■ **What to work on**: Keep the images out while you retype all of the data exactly.
Supplied material START
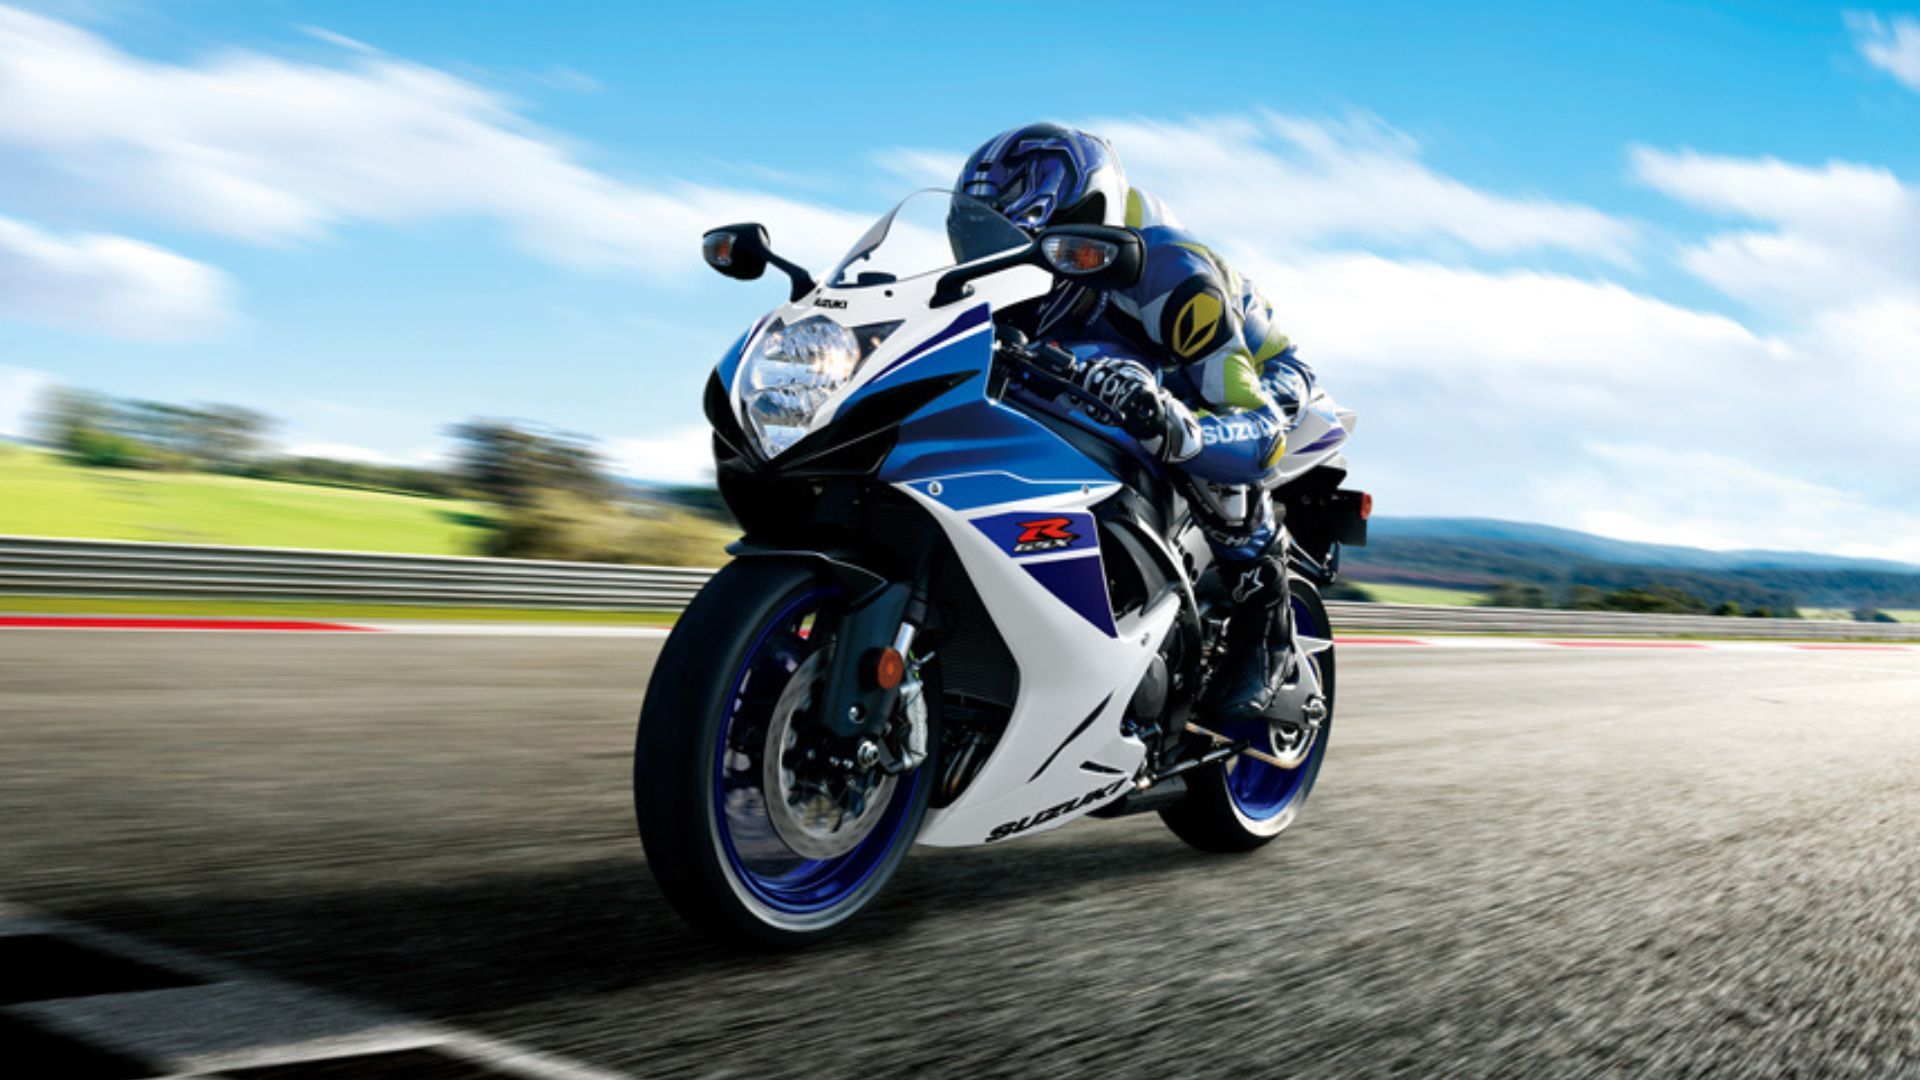 10 fastest motorcycles under $15,000
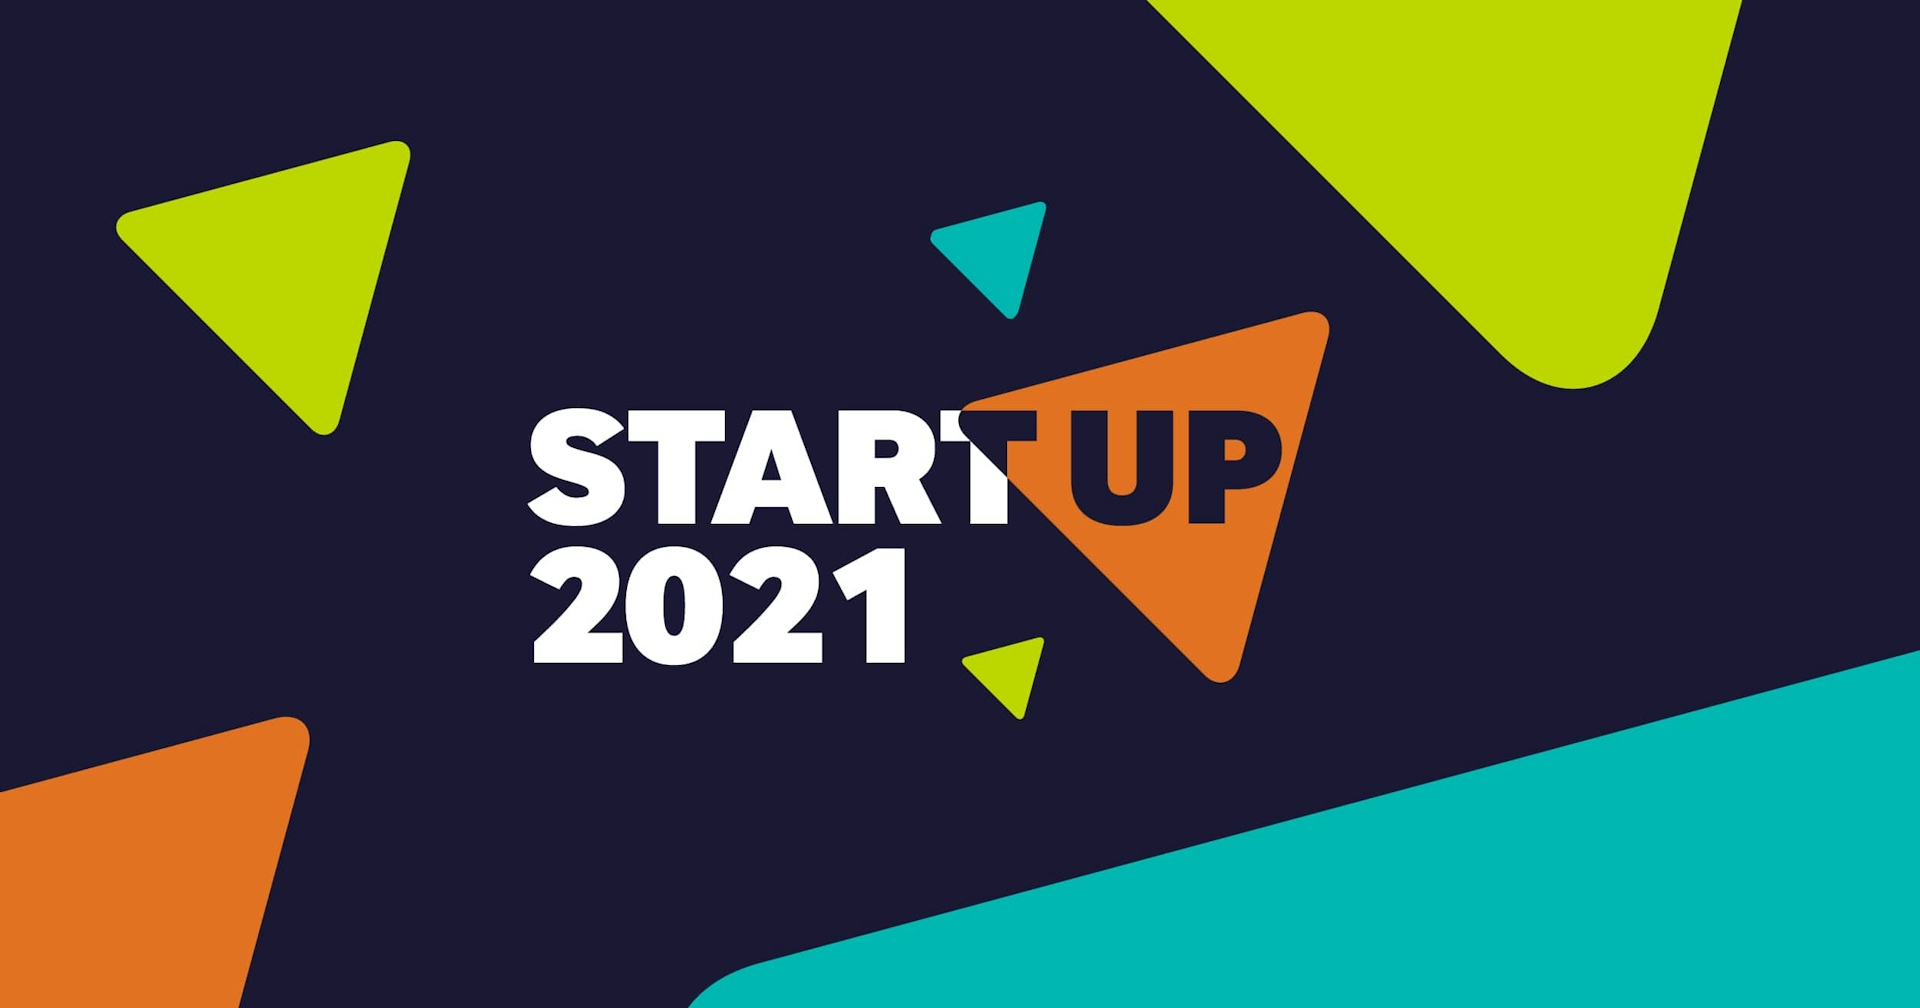 StartUp 2021: Re-watch the Business essentials zone sessions
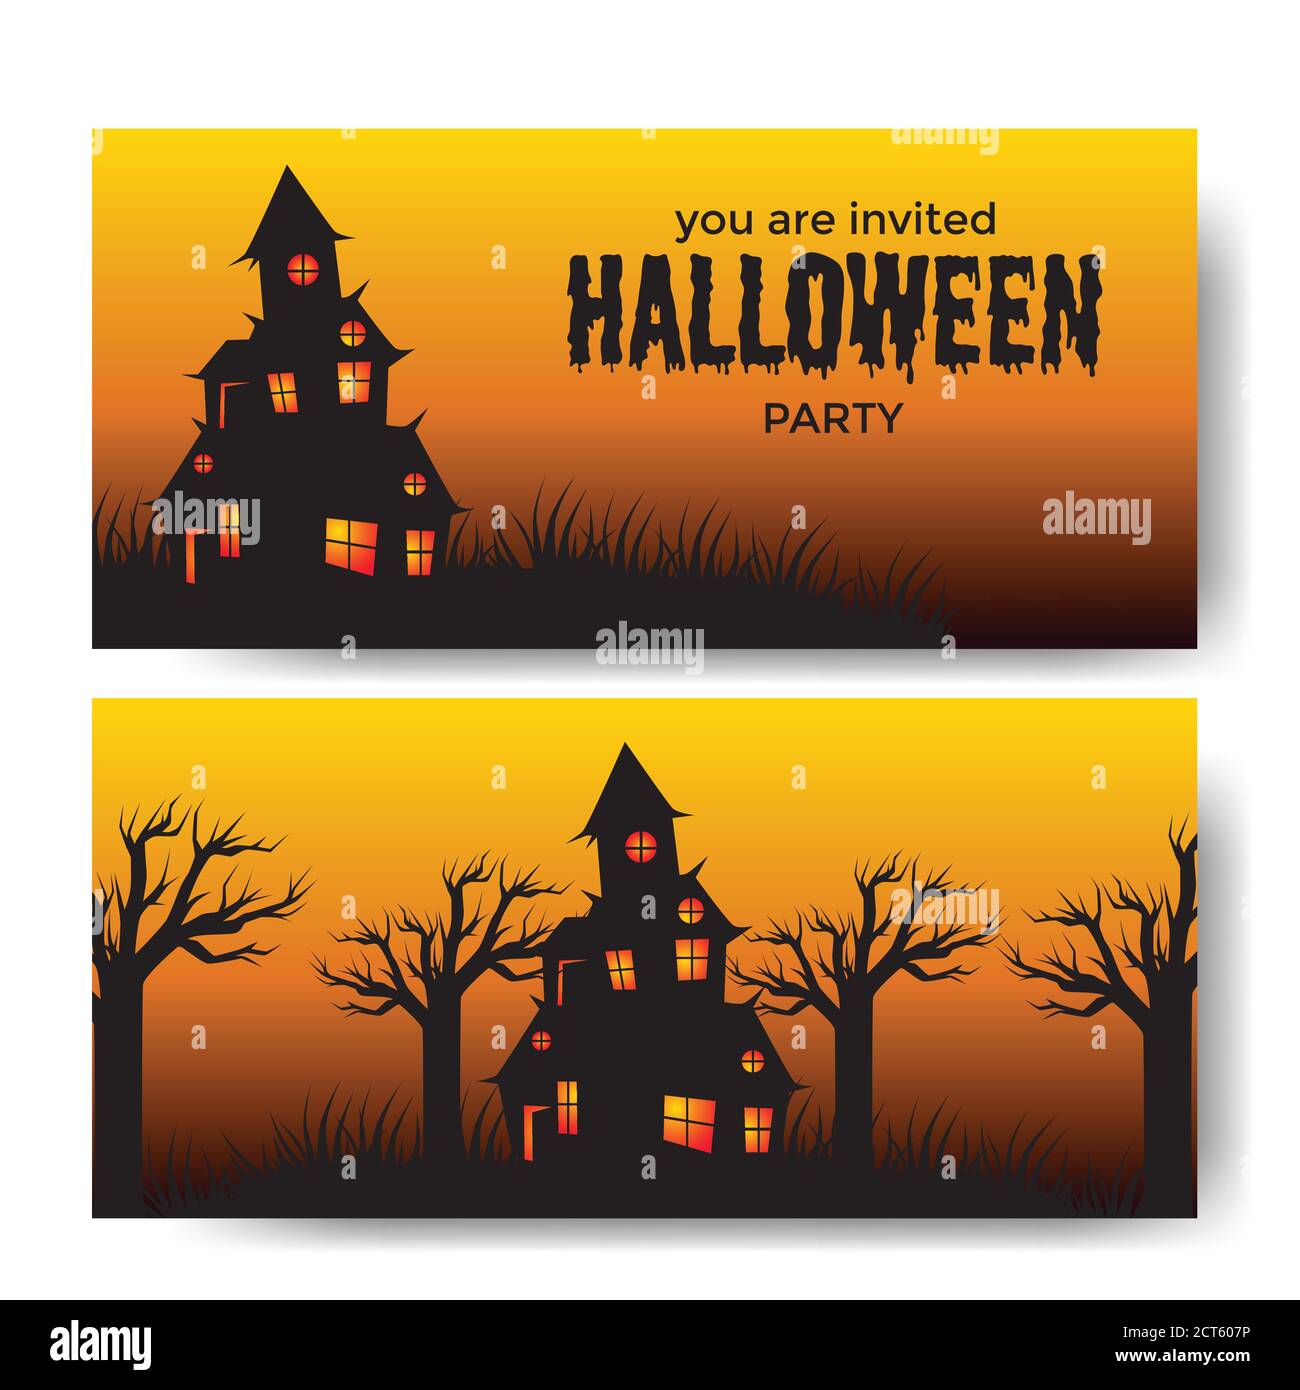 halloween party banner invitation card with illustration of scary house vampire Stock Vector
Supplied material END
■ **Result for this exercise**:
 10 fastest motorcycles under $15,000
 StartUp 2021: Re-watch the Business essentials zone sessions
 halloween party banner invitation card with illustration of scary house vampire Stock Vector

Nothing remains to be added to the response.